En un estudio reciente realizado por el Observatorio de Prevención de Riesgos y Accidentes sobre las caídas en una residencia de personas mayores se obtuvo el dato de que las caídas en el baño suponían el 11% de todas las caídas sobre las que se disponía información. En el año 2022 se produjo la nada despreciable cifra de 91 caídas en el baño en 500 residentes.

Autor: Javier Larrea. Presidente del Observatorio de Prevención de Riesgos y Accidentes
Publicación: Web OPRA www.opra.info • 3 de julio de 2025

De la chapucera clasificación de las caídas mortales ofrecida por el Instituto Nacional de Estadísticas (INE) es imposible saber cuántas caídas se producen en ninguna parte del hogar. Además, según el INE, de las 3.788 muertes por caídas en España en 2022, de 1.513, los servicios forenses, que son quienes aportan los datos, no tienen ni idea de dónde se produjeron. Así no hay manera de realizar ninguna investigación seria.

Las bañeras

Hoy vamos a hablar de las bañeras, uno de los elementos que puede producir caídas en el cuarto de baño, por lo que en este artículo voy a centrarme en los peligros de las bañeras y en la prevención para evitar caídas.
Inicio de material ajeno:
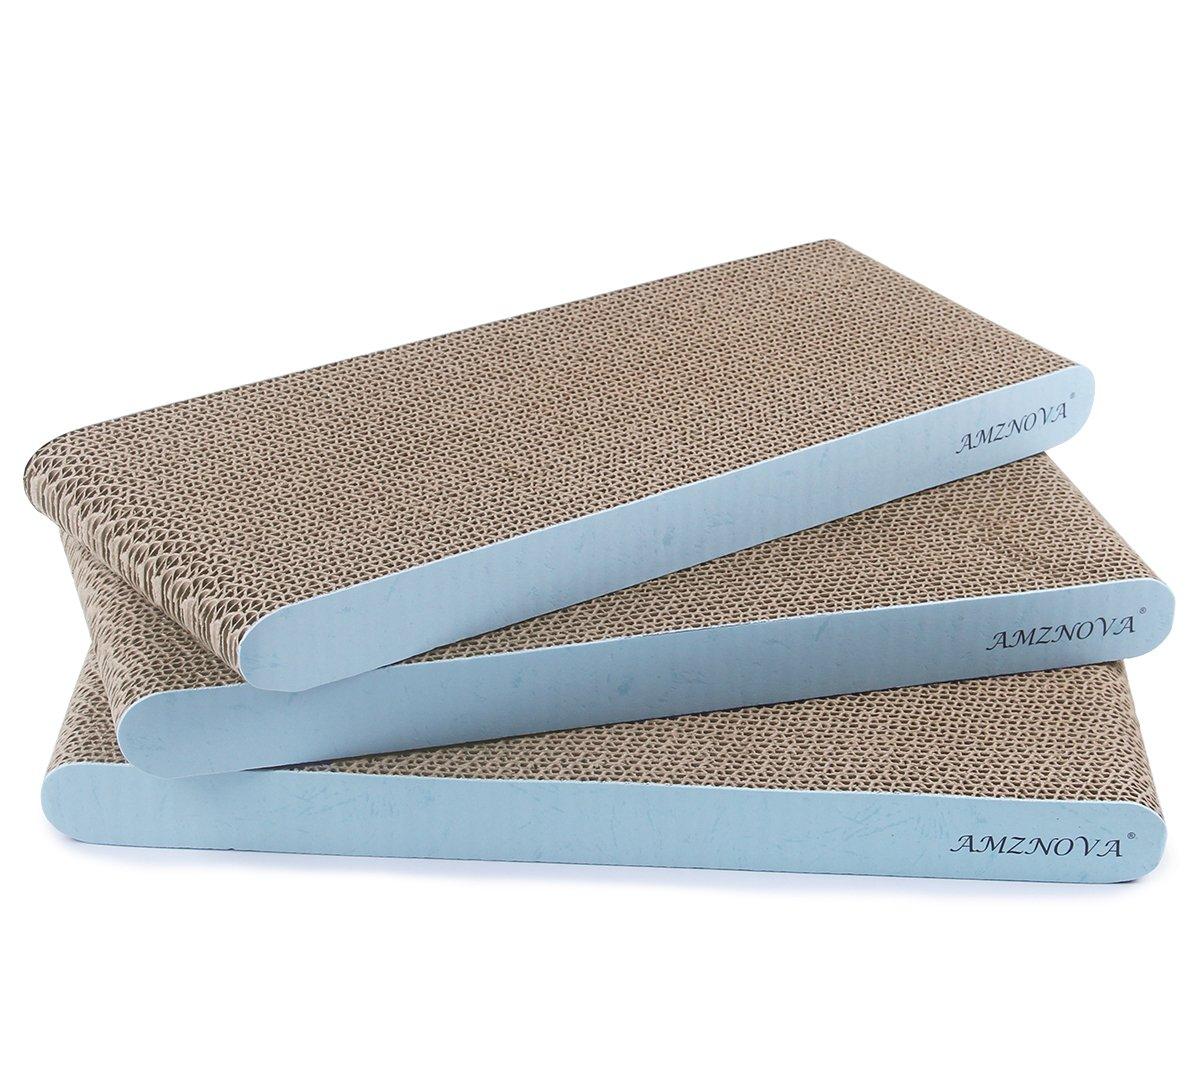 AMZNOVA Cat Scratcher Cardboard Scratching Pads Scratch Sofa Lounge, Narrow, Baby Blue, 3 Pack by AMZNOVA

Se suele recomendar la sustitución de las bañeras por duchas, pero muchas personas no van a poder afrontar dicho cambio por lo que seguirán existiendo millones de bañeras en los cuartos de baño.

Las bañeras suelen estar encastradas o empotradas contra una o varias paredes o bien pueden ser exentas o independientes. Por lo general tienen forma rectangular, aunque también las hay de forma ovalada.

Para impedir que el agua salpique fuera de la bañera se colocan cortinas de baño sujetas a una barra y cada vez es más frecuente que se coloquen mamparas acristaladas o de plástico traslúcido.

Ducharse

Las bañeras se diseñaron en principio para bañarse tumbándose en el fondo y sumergiendo el cuerpo en el agua, aunque actualmente ha cambiado el uso de la bañera utilizándose principalmente para ducharse y la posición normal en la bañera para ducharse es mantenerse de pie.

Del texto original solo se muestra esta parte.